Together, Alev and Bijoy created an architecture of stillness. Their collaboration felt less like a staging and more like a weaving - threads pulled between clay and wood, breath and beam. Jain’s architecture, shaped by labor and time, echoed Alev’s own slow coiling. Each bowl, made by hand over weeks, seemed to rest in sympathetic rhythm with the high The space read more as ceremony than display.” Constructed not as pedestals but as platforms of attention. This was a space not only designed but composed, a duet between sculptor and architect.



Installation view, Vibrations, 2025, Salon 94, NY
Installation view, Vibrations, 2025, Salon 94, NY

The tables, built tall, invited reverence. The bowls were elevated—like votive offerings. Their grouping suggested not marketplace arrangement but altar sequence. It reminded me of the altars of sacrifice in ancient Greece, where the height of the platform was not just symbolic but functional—a place where offerings were made visible to gods and humans alike. Height carried meaning.


Between Fire and Breath

Alev told us, that afternoon, how slow the work must be. How each bowl begins with breath and coil—then rests. And rests again. Porcelain requires patience. It remembers every gesture. If it dries too quickly, it cracks. If left unattended, it collapses. So it must be shaped gently, over days—coiled by hand, rested, and dried in its own time. Then fired. And fired again. Each step is a kind of waiting, a quiet act of trust between hand and earth.


One could feel that rhythm in the finished bowls. They appeared weightless, yet anchored. The glazes—ash grey, rose smoke, pale umber—offered no shine, only a quiet depth, as if the colour had settled slowly into the surface, not applied but absorbed.

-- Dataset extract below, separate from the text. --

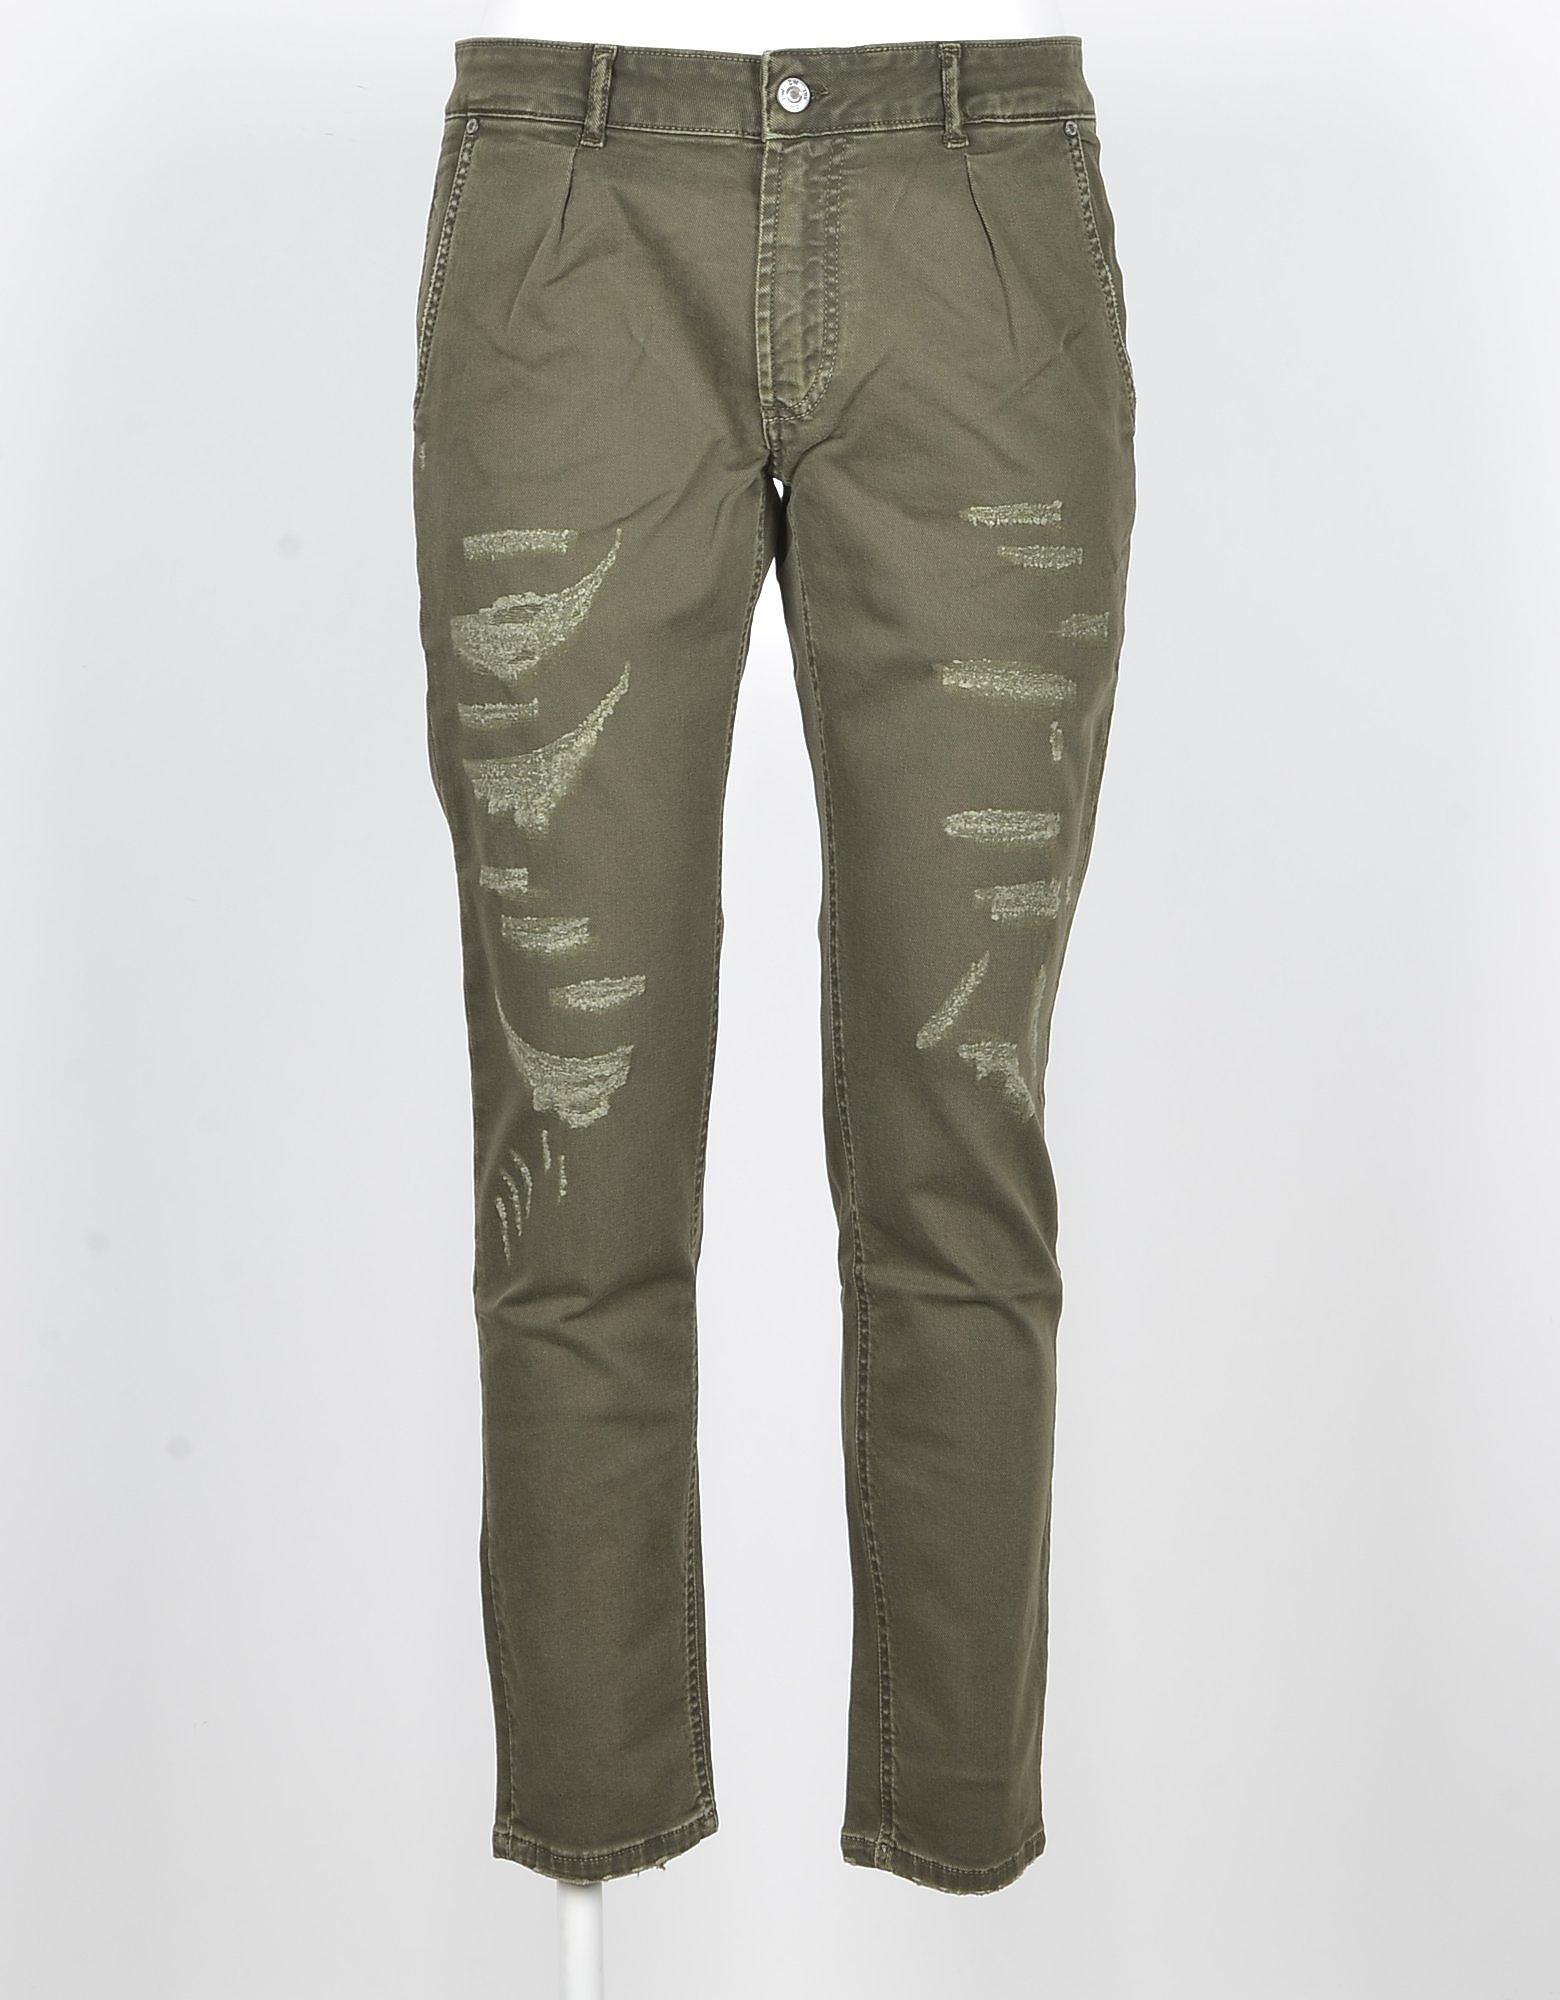 Dw Five Designer Pants, Men's Green Pants

Alev’s bowls reminded me of other quiet forms: Cycladic votives, Korean moon jars, Japanese tea bowls. But hers were not nostalgic. They stood fully in the present. And they asked for our stillness in return. Paul Greenhalgh observes in Ceramic: Art and Civilisation, ancient Greek vessels were never purely utilitarian - they carried ideological and symbolic weight. They embodied civic identity, sacred offering, and aesthetic balance. Alev’s bowls belong to this lineage. They are not simply containers, but presences. They hold memory, and meaning. The colourful bowls in the first room - ochre, crimson, mustard - brought to mind spice markets in India. But here, lifted and reordered, they became something else. Not ingredients, but invocations. A choreography of attention.



photo: courtesy of salon 94/Salon94Design, New York
photo: courtesy of salon 94/Salon94Design, New York


Alev’s bowls also recalled to me the votive forms of the Cycladic and Hellenistic periods—objects used not only in domestic rituals but also in civic and sacred ceremonies. These were bowls of offering and alignment. When placed on Jain’s tall Douglas fir tables, Alev’s vessels take on a similar resonance. They become ceremonial. The tables rise like altars, elevating the bowls into a shared space of attention. The architecture proposes reverence; the porcelain responds with restraint. Together they enact a gesture: of stillness, of slowness, of ceremony. Not a re-enactment of the ancient, but an echo—a contemporary ritual poised between sculpture, architecture, and silence.


Echoes from the Archive

This line of thinking was enriched by a memory that resurfaced as I reflected on Alev’s work - the exhibition She Who Wrote: Enheduanna and Women of Mesopotamia, ca. 3400–2000 B.C. at the Morgan Library & Museum. That exhibition brought together, for the first time, a comprehensive selection of artworks capturing the shifting expressions of women’s lives in ancient Mesopotamia during the 3rd millennium B.C. The Morgan foregrounded the spiritual and intellectual authority of early Mesopotamian women, including their ritual and poetic practices. There, small ceramic bowls, votive plaques, and libation vessels became more than archaeological artefacts: they emerged as instruments of sacred and domestic rhythm. The link between vessel and voice - between form and incantation - felt strikingly close to what Alev achieves in her studio.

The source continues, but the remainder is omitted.